Finance Minister Jim Flaherty said Ireland had a solid bank plan and was Europe's leader in fiscal reform, warning not to take rating agency views such as S&P's downgrade of Ireland this week too seriously.
Dublin will welcome G7 chair Canada's defence of its "bad bank" plan and efforts to stem the rise in its budget deficit after S&P on Tuesday cut Ireland's credit rating to "AA-", pushing up its borrowing costs.
"Ireland certainly has led the European Union in taking the necessary courageous decisions toward fiscal consolidation," Mr. Flaherty told Irish public radio RTE in an interview during a visit to Dublin.
Ottawa is in a better position to talk about public finances than its peers, a strength S&P acknowledged when it affirmed Canada's top "AAA" rating in April.
A junior minister in Ireland's finance ministry on Thursday reiterated Dublin's criticism of S&P's method in accounting for its bank rescue costs.

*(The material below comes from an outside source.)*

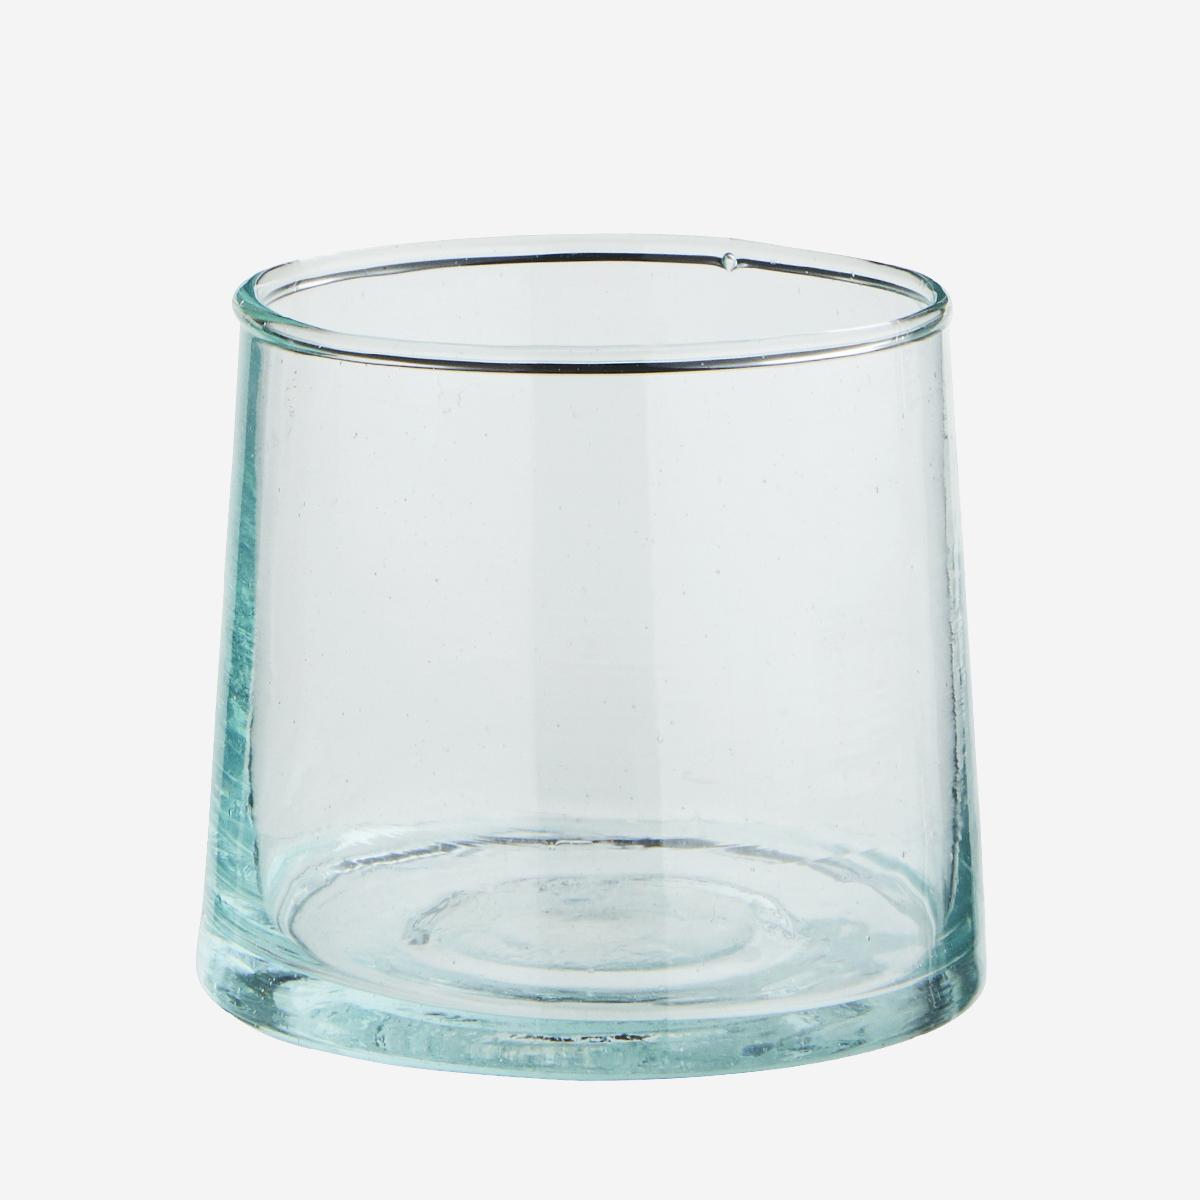 Verre Beldi court transparent (verre recyclé) * Madam Stoltz

"We have taken such issue with the judgement of Standard & Poor's ... quite publicly, which is unusual for a government, to show that the fundamentals of our economy are still strong," Minister of State Dara Calleary told RTE.
He said Dublin could reach an agreement with the European Commission in weeks on the fate of nationalized Anglo Irish Bank, which would help ease the uncertainty that has pushed up Ireland's borrowing costs this month.

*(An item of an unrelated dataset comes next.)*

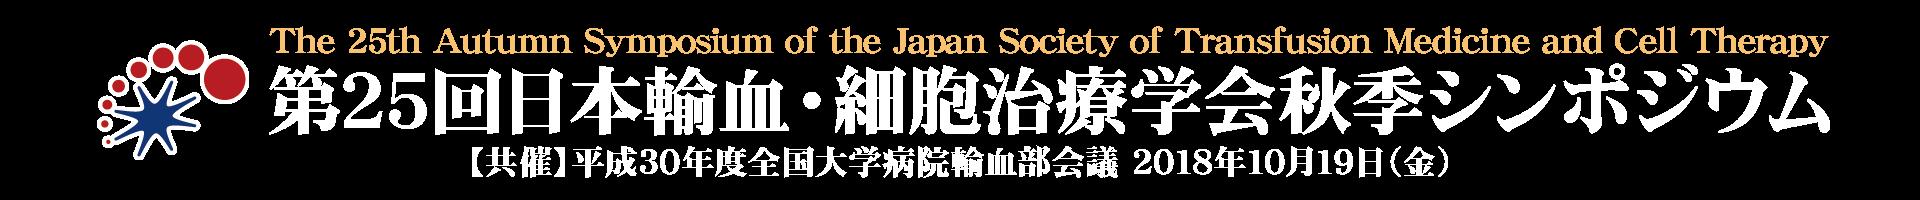 参加者へのお知らせ   第25回日本輸血・細胞治療学会秋季 ...

Markets will not get a full picture of Ireland's bank recapitalization costs before the end of 2010 however, when banks will have transferred the bulk of their shaky property development loans to the state's "bad bank" vehicle.
Canada, which also chaired the G20 group's summit in June, last month proposed new regulations for credit rating agencies to boost investor confidence and prevent conflicts of interest.
"You know, the rating agencies, quite frankly, were part of the problem that caused the crisis," Mr. Flaherty said. "I'm not a big fan of Moody's and Standard & Poor's and so on when they start to pontificate on certain issues," Mr. Flaherty said.